Specializes in Cardiac/Telemetry.

I've been a nurse for about three years and I have yet to become completely confident in a code. It's a high stress situation, and unless you've been involved in a lot of codes, it takes a while to get used to them. My first code was a pt who was stable and actually laughing and talking with me a few minutes before I left the room. I go up to the nurses' station to look for something when the monitor tech tells me that the pt had become tachycardic. As I was leaving to check, the patient presses the call light and the secretary answers it. She tells me that, "I don't understand what's being said. I just hear noises." I practically run to this pt's room, ask if everything was okay, don't get a response; I see eyes roll backward, agonal breathing...the whole nine yards. I freaked out, started screaming to call a rapid response, nurses come flying in the room, and the pt codes. It all happened so fast, I still don't have any idea what exactly happened. The pt went into PEA and it was a while before we got a pulse. I will never forget this one because everything played like a movie. I was so unbelievably scared!


210 Posts

Has 2 years experience.

I have ACLS and have been in codes before (all of which were brought in by ambulance, none of them have coded on me- but I KNOW to do CPR!!!), but this person was bleeding out and went into hypovolemic shock. I'm glad to hear that I'm not the only one that froze the first time though! One of the other new nurses working with me seemed so calm and collected!


36 Posts

Specializes in ICU, Public Health. Has 5 years experience.

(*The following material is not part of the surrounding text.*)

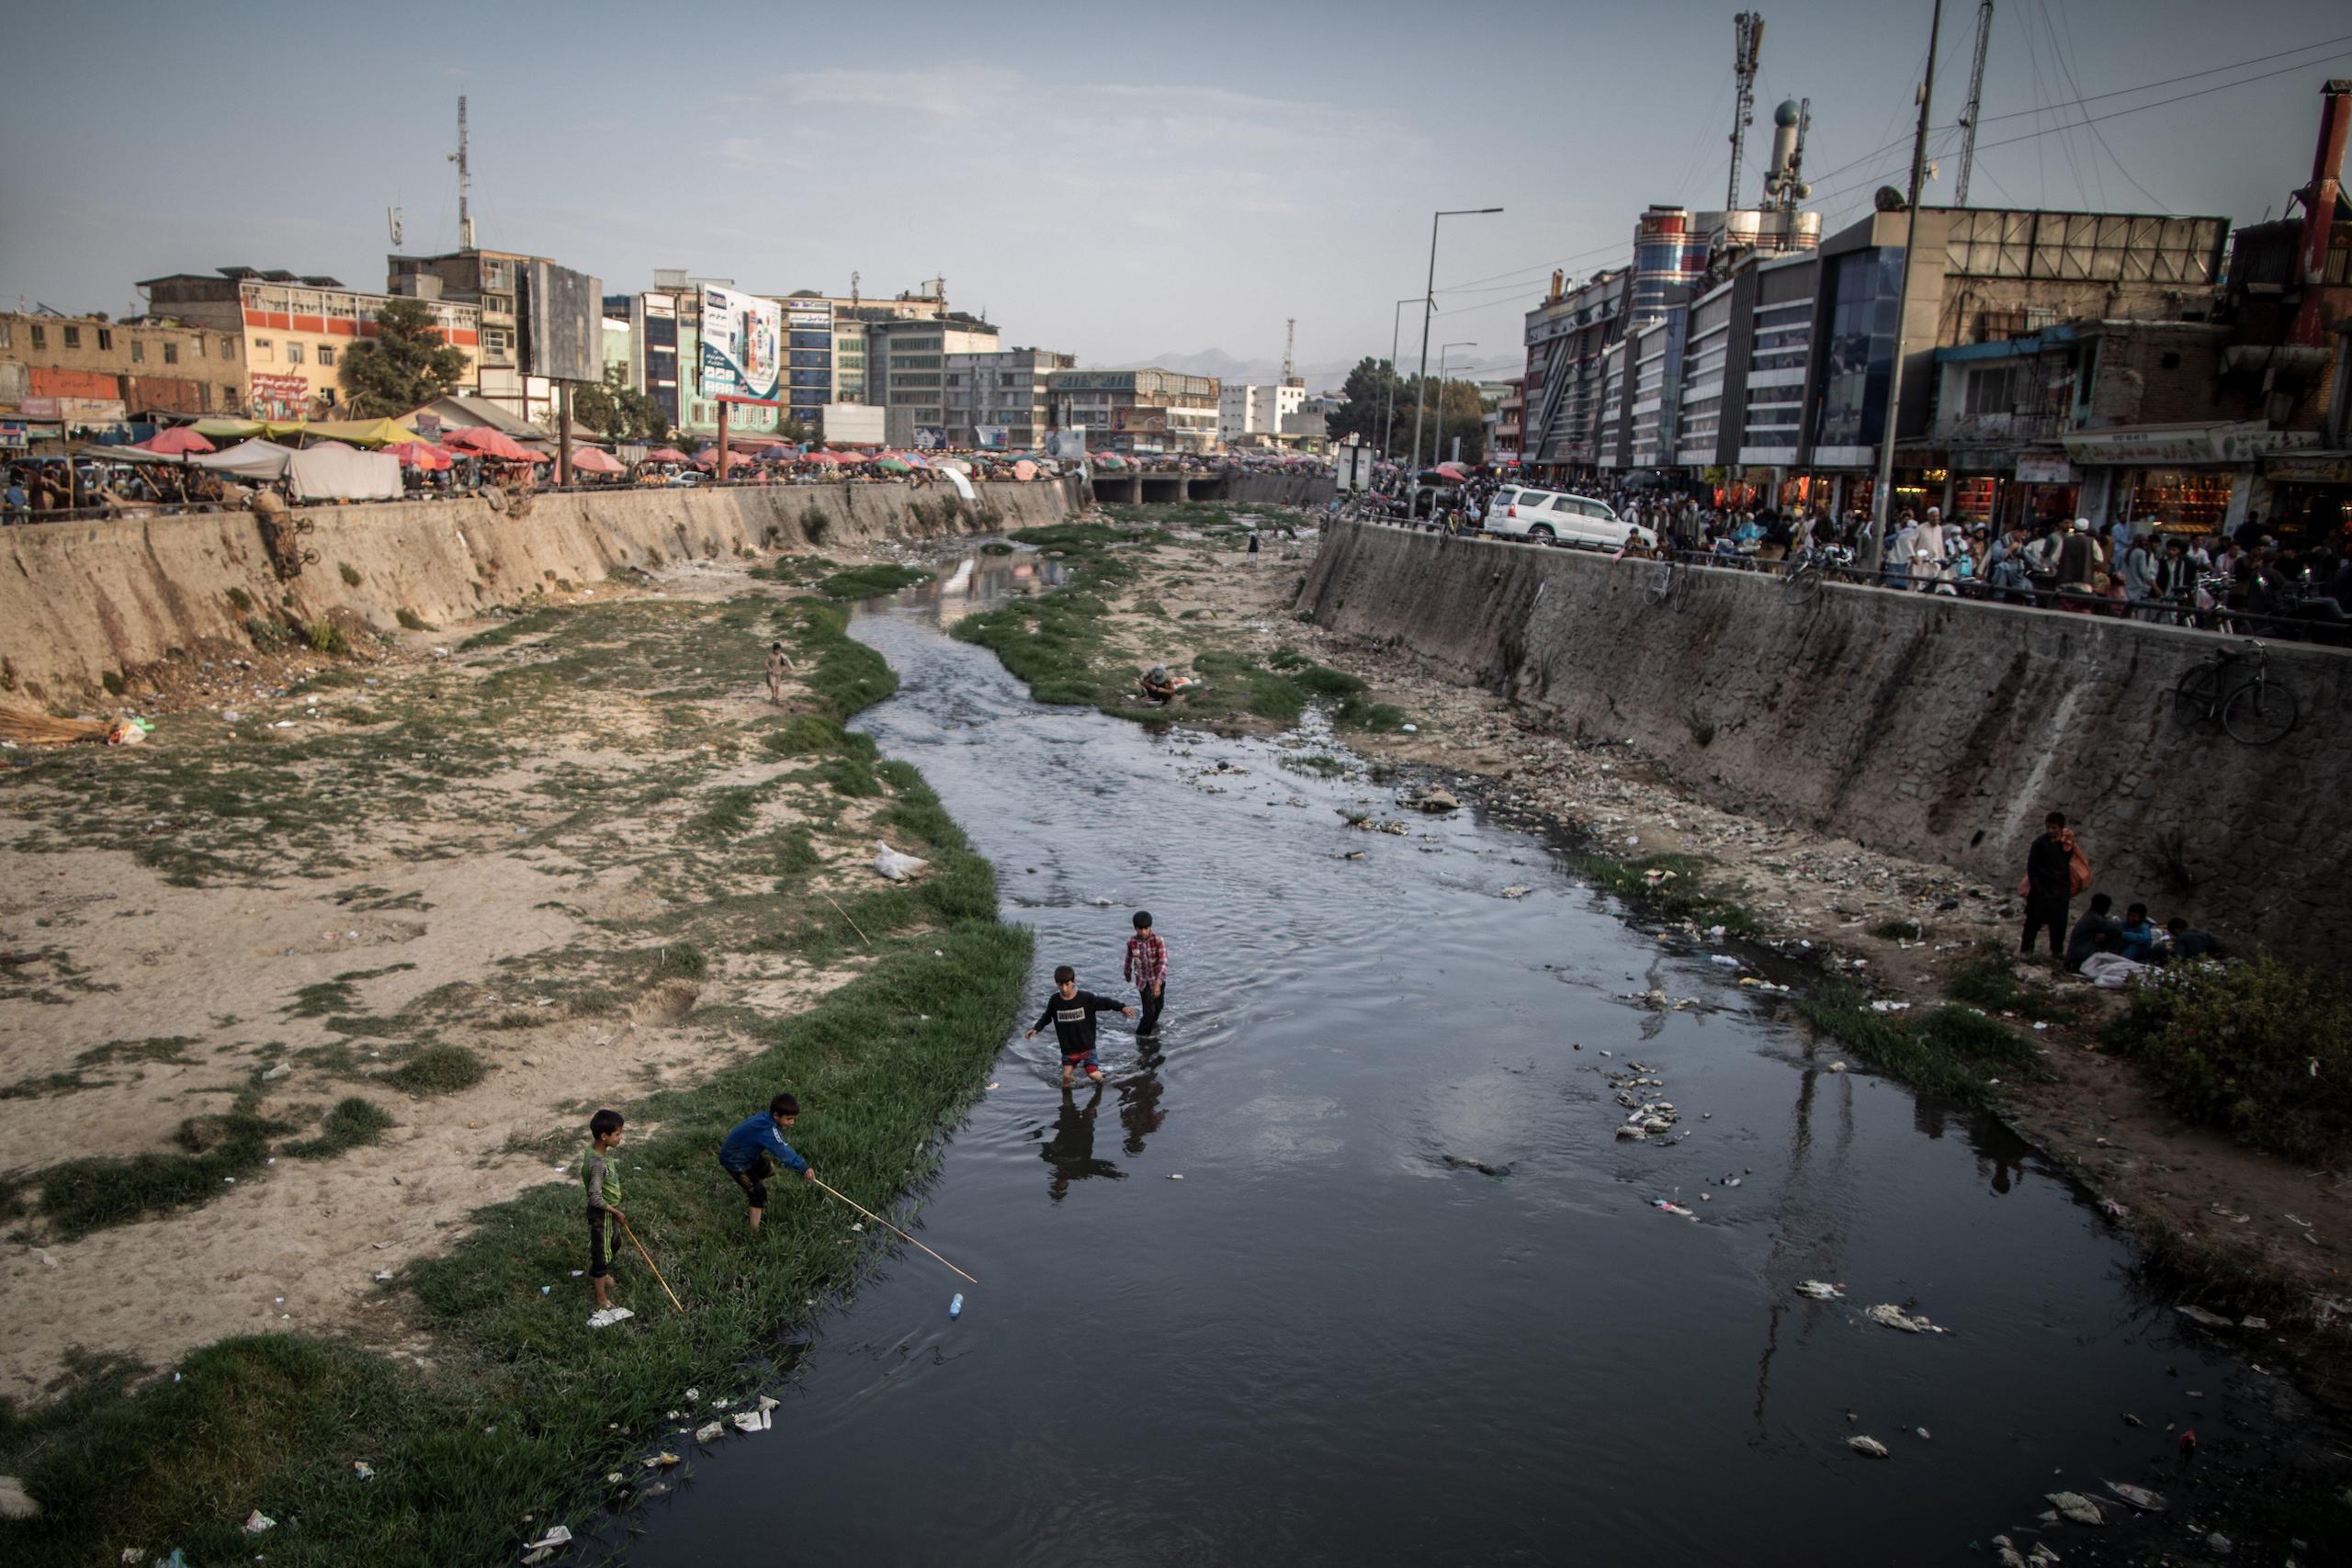 <p>Boys race to fish a plastic bottle out of the heavily polluted and littered Kabul River in Kabul, Afghanistan, in September 2021. The bottles can be sold on for recycling for small amounts of money. (Image: Oliver Weiken / Alamy)</p>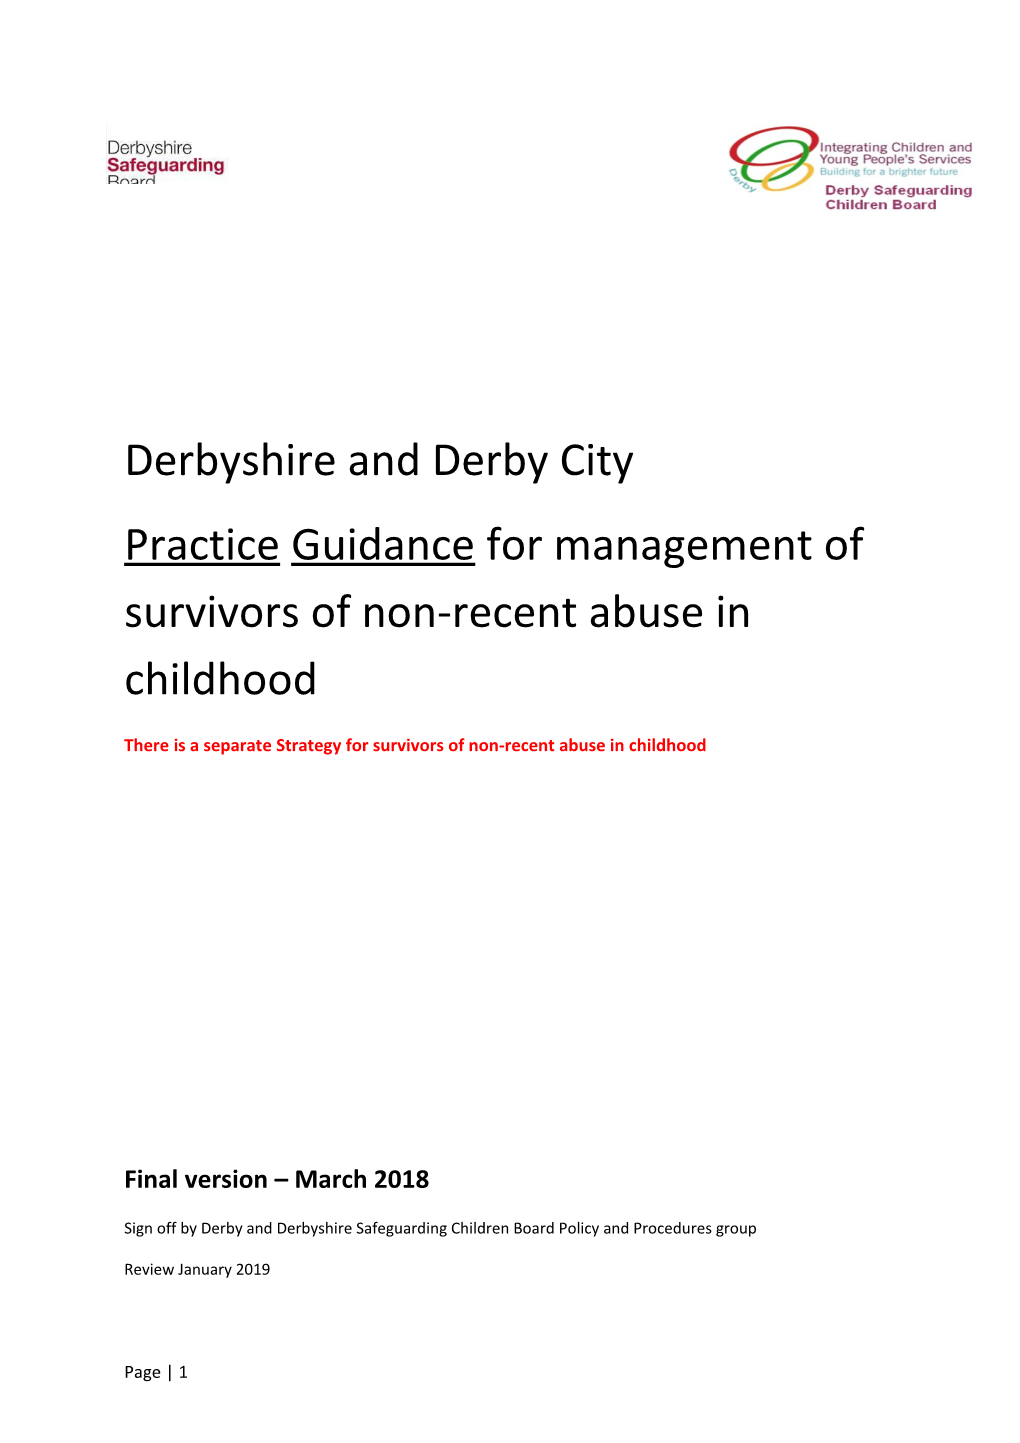 Derbyshire and Derby City

I remember the first time I shocked a patient. I said "all clear" and went to shock. Luckily, my preceptor was there and noticed that my scrub jacket was leaning on the patient. It was full of things like clamps, scissors, pens...If she hadn't grabbed it for me, who knows what would have happened. That'll NEVER happen again.

Code situations get easier. For me, I am more comfortable being on the code team of someone elses patient. If it is my patient, I am more stressed.